## TO DO
Retyped exactly and without pictures, the lines from the one with "mercedes benz c" through the end of the listing must form the entire answer.

## INFORMATION SHOWN
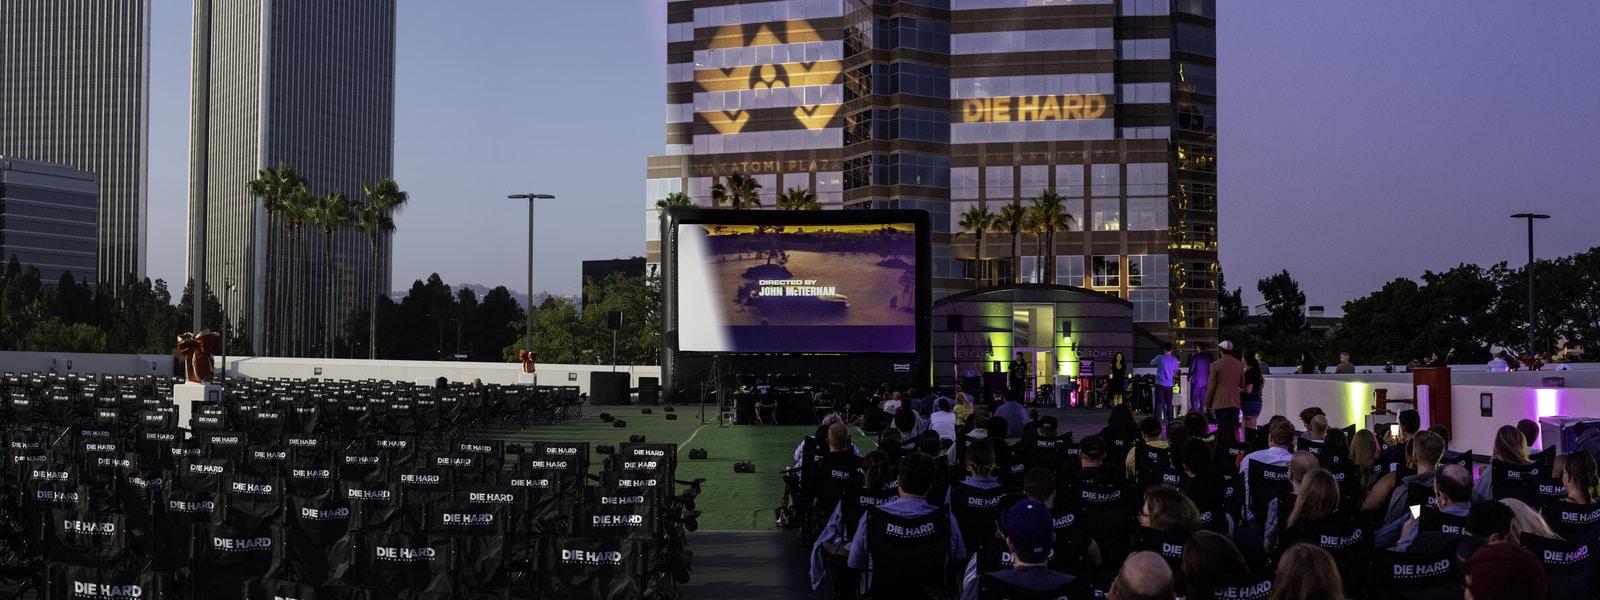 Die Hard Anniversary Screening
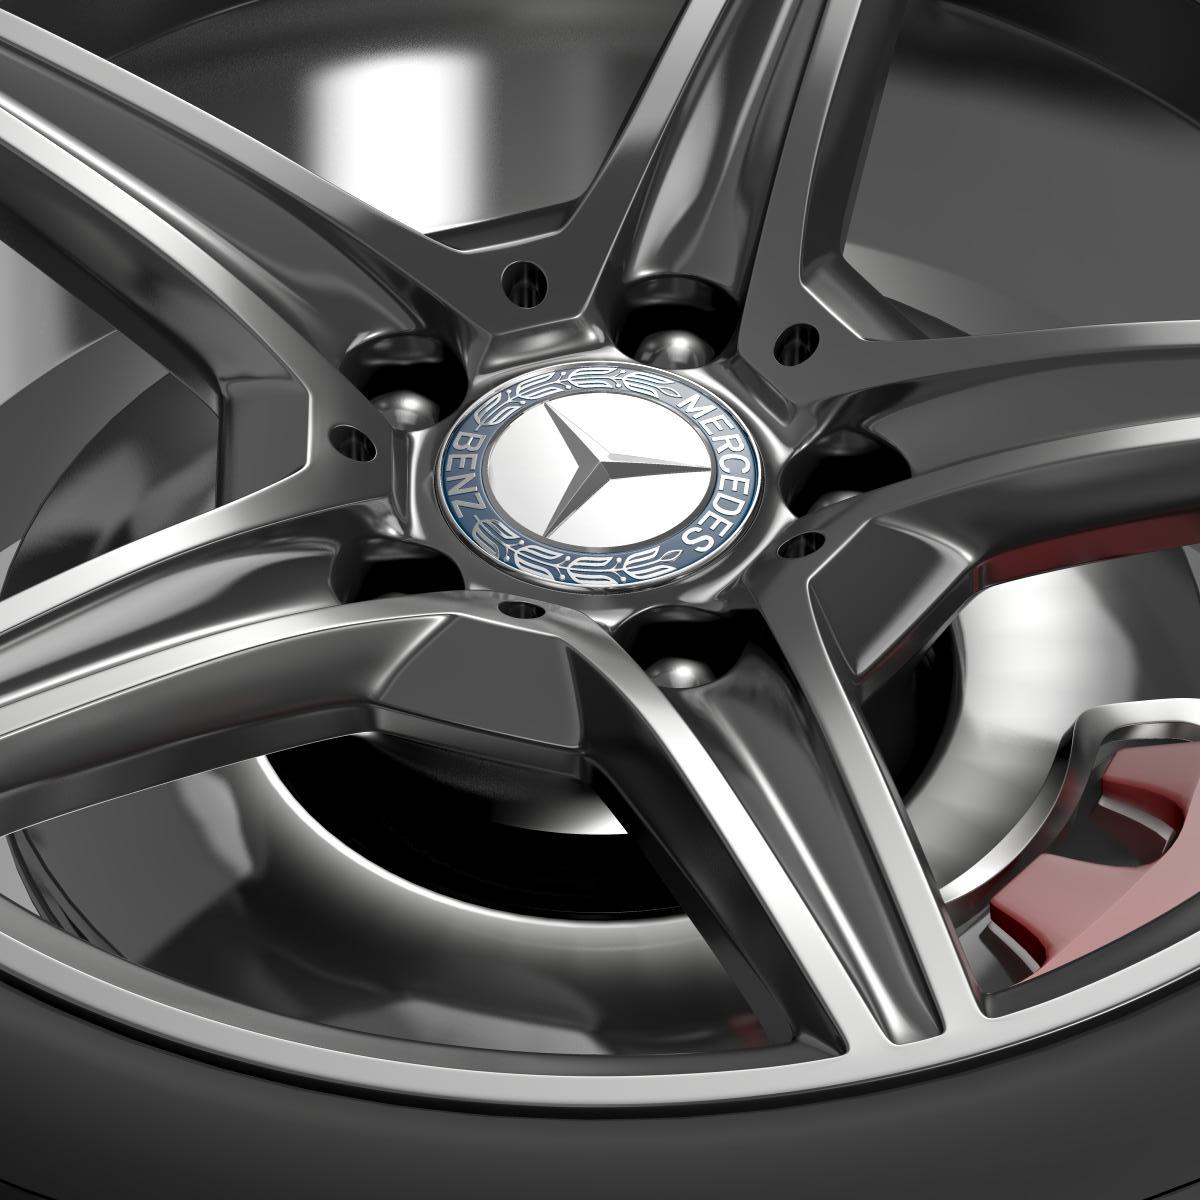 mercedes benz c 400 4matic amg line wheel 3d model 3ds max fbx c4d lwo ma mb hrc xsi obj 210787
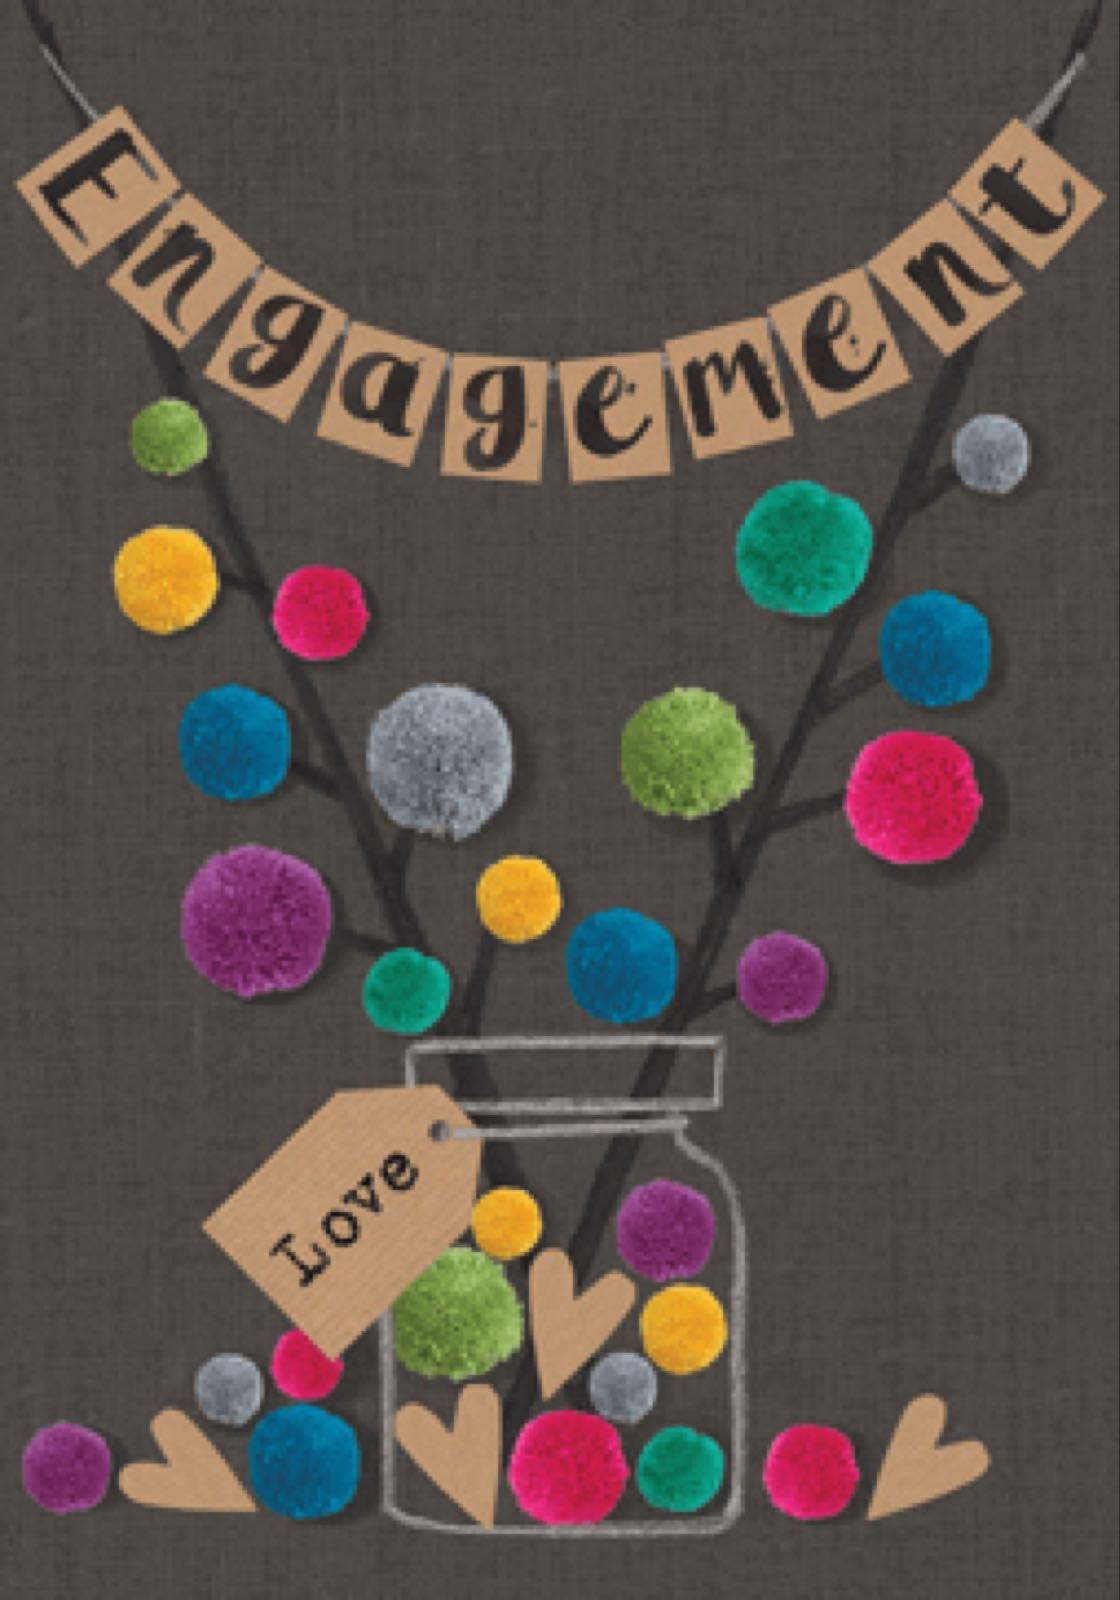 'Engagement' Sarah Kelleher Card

## ANSWER SECTION
 mercedes benz c 400 4matic amg line wheel 3d model 3ds max fbx c4d lwo ma mb hrc xsi obj 210787
 'Engagement' Sarah Kelleher Card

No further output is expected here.